1.7 Towards Unbalanced Motion: Part-Decoupling Network for Video Portrait Segmentation

Towards Unbalanced Motion: Partially Decoupled Networks for Video Portrait Segmentation

https://arxiv.org/abs/2307.16565

insert image description here
Video Portrait Segmentation (VPS), which aims to segment salient foreground portraits from video frames, has received a lot of attention in recent years. However, the simplicity of existing VPS datasets has limited extensive research on this task. In this work, we propose a new complex large-scale multi-scene video portrait segmentation dataset MVPS, consisting of 101 video clips from 7 scene categories, where 10,843 sampled frames are finely annotated at the pixel level . The data set has various scenarios and complex background environment, and is currently the most complex data set in VPS. Through the observation of a large number of portrait videos during the construction of the dataset, we found that due to the joint structure of the human body, the movements of portraits are partially correlated, resulting in relatively independent movements of different parts. That is, the movement of different parts of the portrait is uneven. Aiming at this imbalance, an intuitive and reasonable idea is that by decoupling the portrait into multiple parts, different motion states in the portrait can be better utilized. To achieve this goal, we propose a partially decoupled network (PDNet) for video portrait segmentation. Specifically, an Inter-Part Discriminatory Attention (IPDA) module is proposed, which unsupervisedly segments portraits into multiple parts and utilizes different attentions on the discriminative features specified for each different part. In this way, proper attention can be paid to the motion-imbalanced portrait parts to extract part-discriminative correlations, which can result in more accurate portrait segmentation. Experimental results show that our method achieves leading performance compared to the state-of-the-art methods.
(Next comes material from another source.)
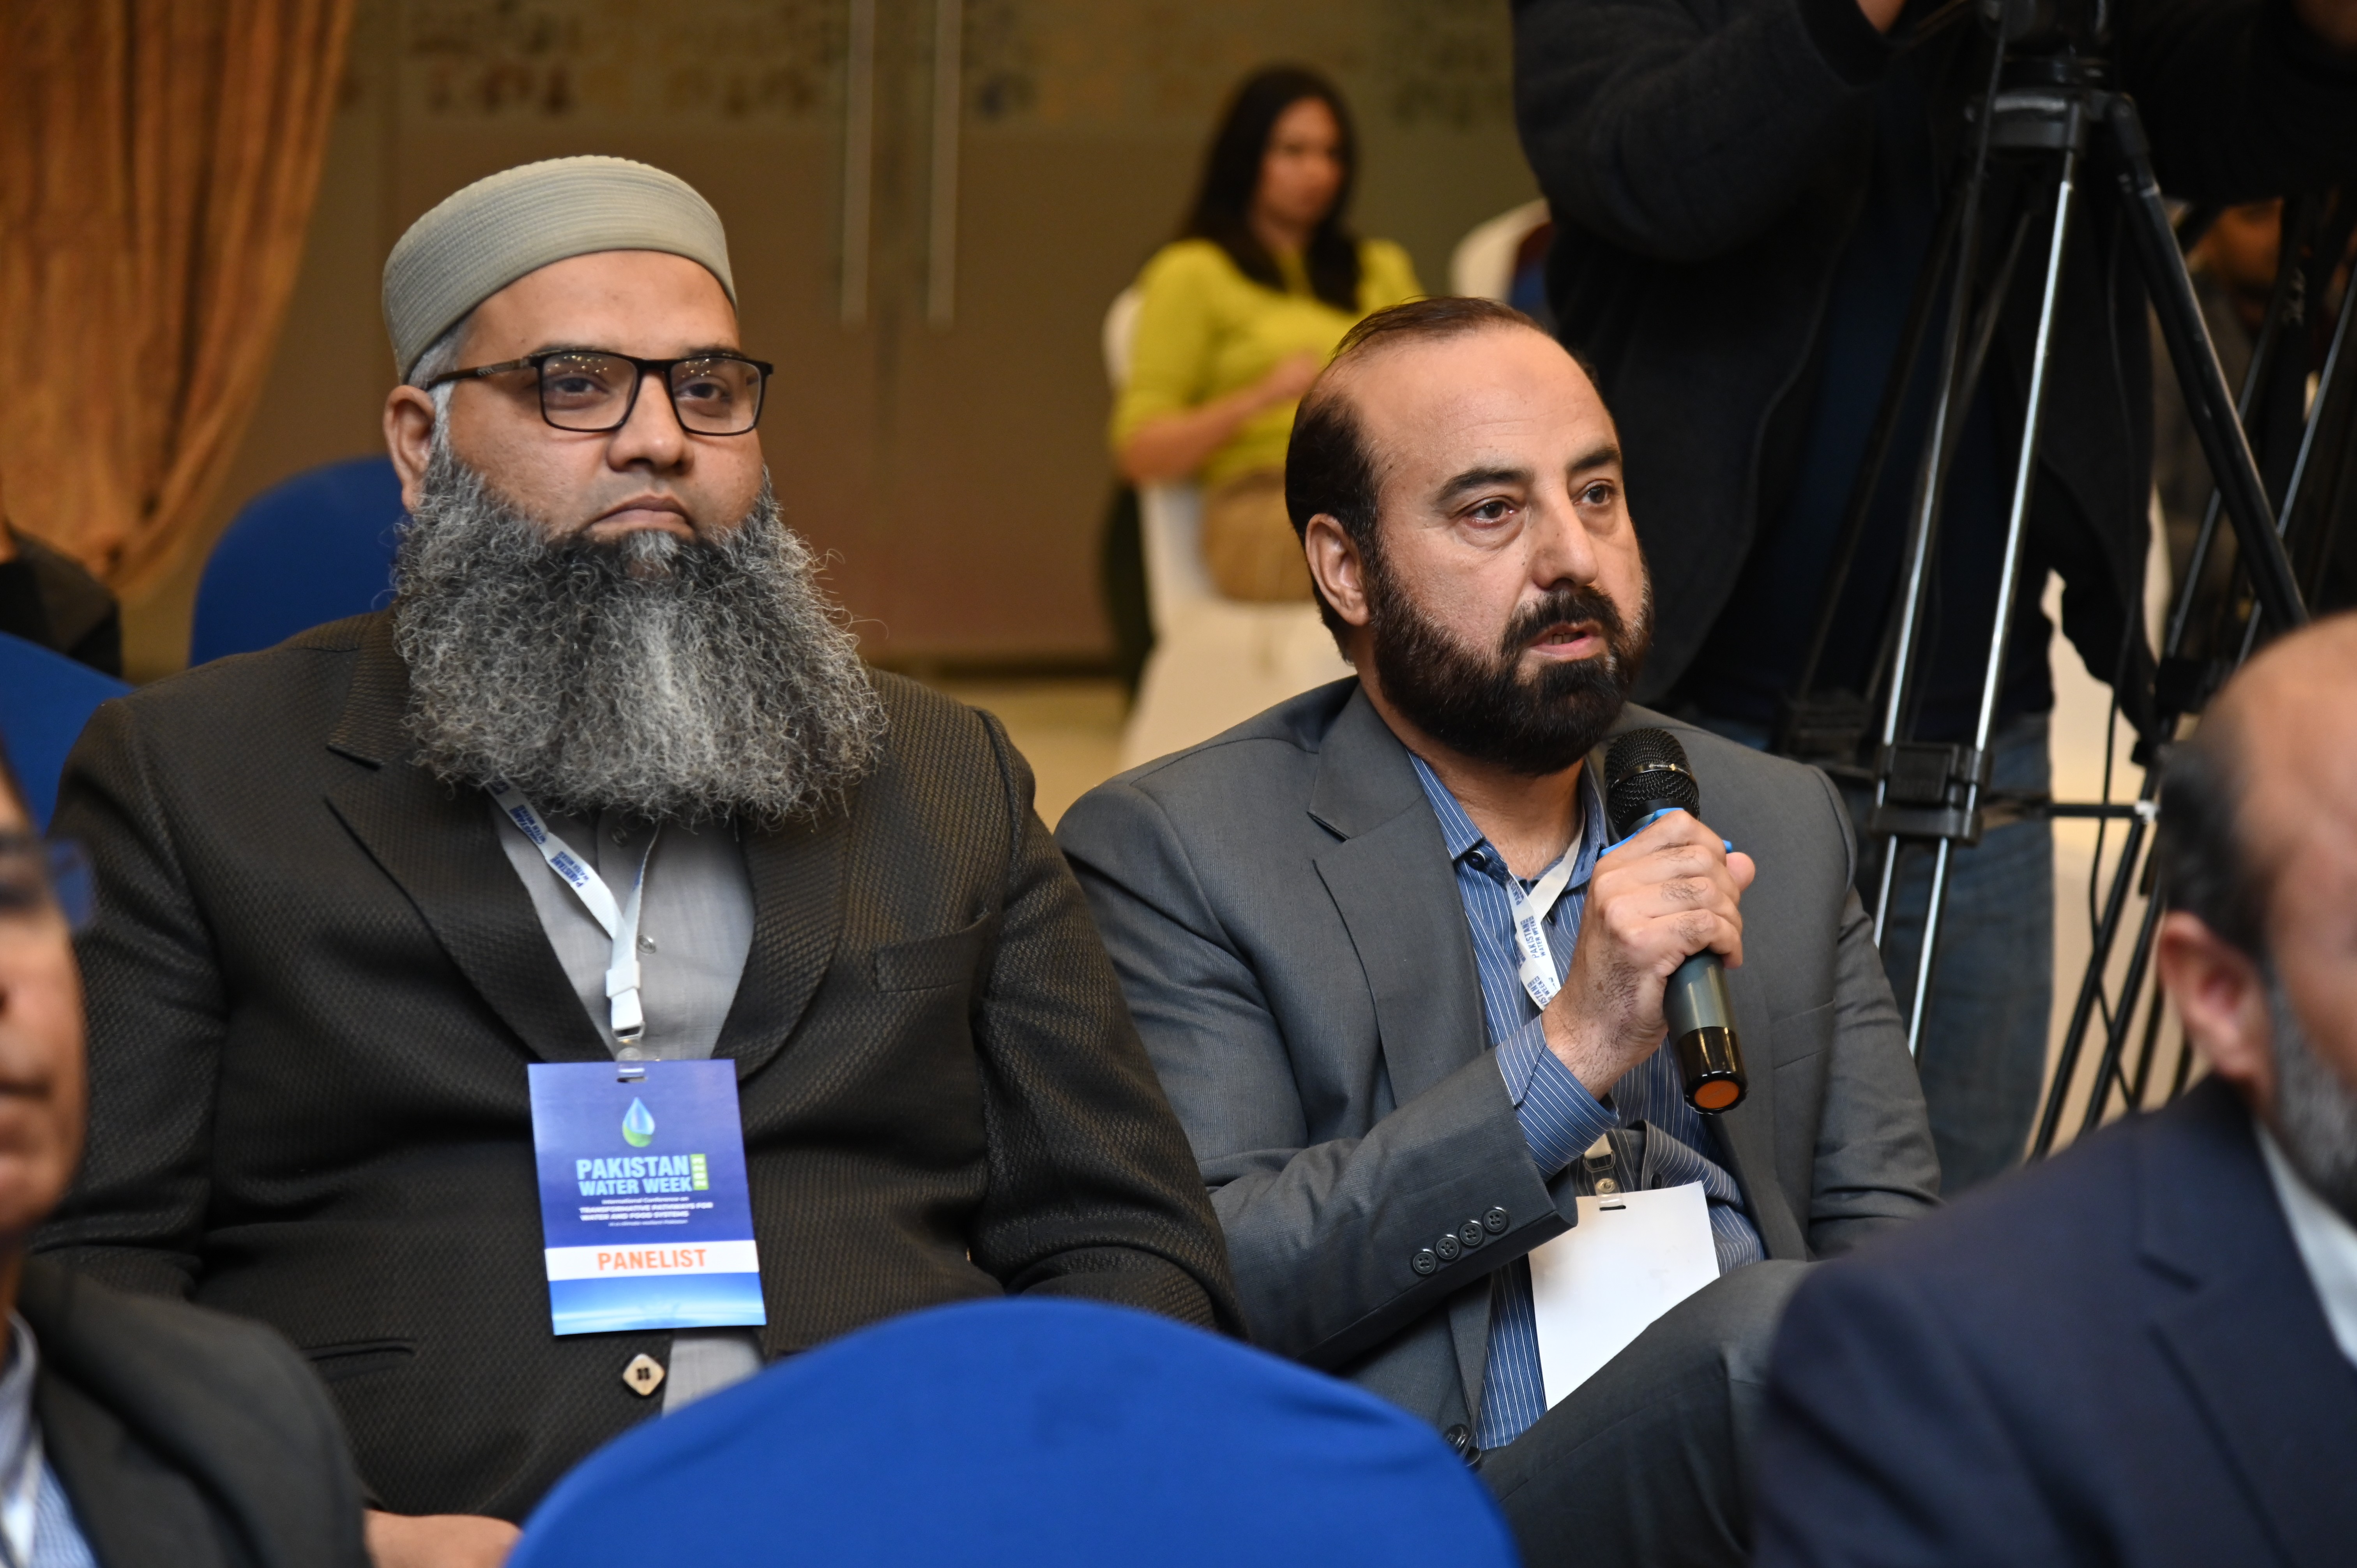 A penal discussion on the international conference on PAKISTAN WATER WEEK 2023:TRANSFORMATIVE PATHWAYS FOR WATER AND FOOD SYSTEM

1.8 Rethinking Collaborative Perception from the Spatial-Temporal Importance of Semantic Information

Rethinking collaborative perception from the spatio-temporal importance of semantic information

https://arxiv.org/abs/2307.16517

insert image description here
Collaboration by sharing semantic information is crucial for enhanced perception. However, existing collaboration-aware methods often only focus on the spatial features of semantic information, while ignoring the importance of the temporal dimension in collaborator selection and semantic information fusion, resulting in performance degradation. In this paper, we propose a novel collaborative perception framework - IoSI-CP, which considers the importance of semantic information (IoSI) from temporal and spatial dimensions. Specifically, we develop an IoSI-based collaborator selection method that effectively identifies favorable collaborators but excludes those that bring negative payoffs. Furthermore, we propose a semantic information fusion algorithm called HPHA (History Prior Hybrid Attention), which integrates a multi-scale transformer module and a short-term attention module to capture IoSI from spatial and temporal dimensions, and assign Different weights for efficient aggregation. Extensive experiments on two open datasets show that our proposed IoSI-CP significantly improves the perceptual performance compared to the state-of-the-art methods.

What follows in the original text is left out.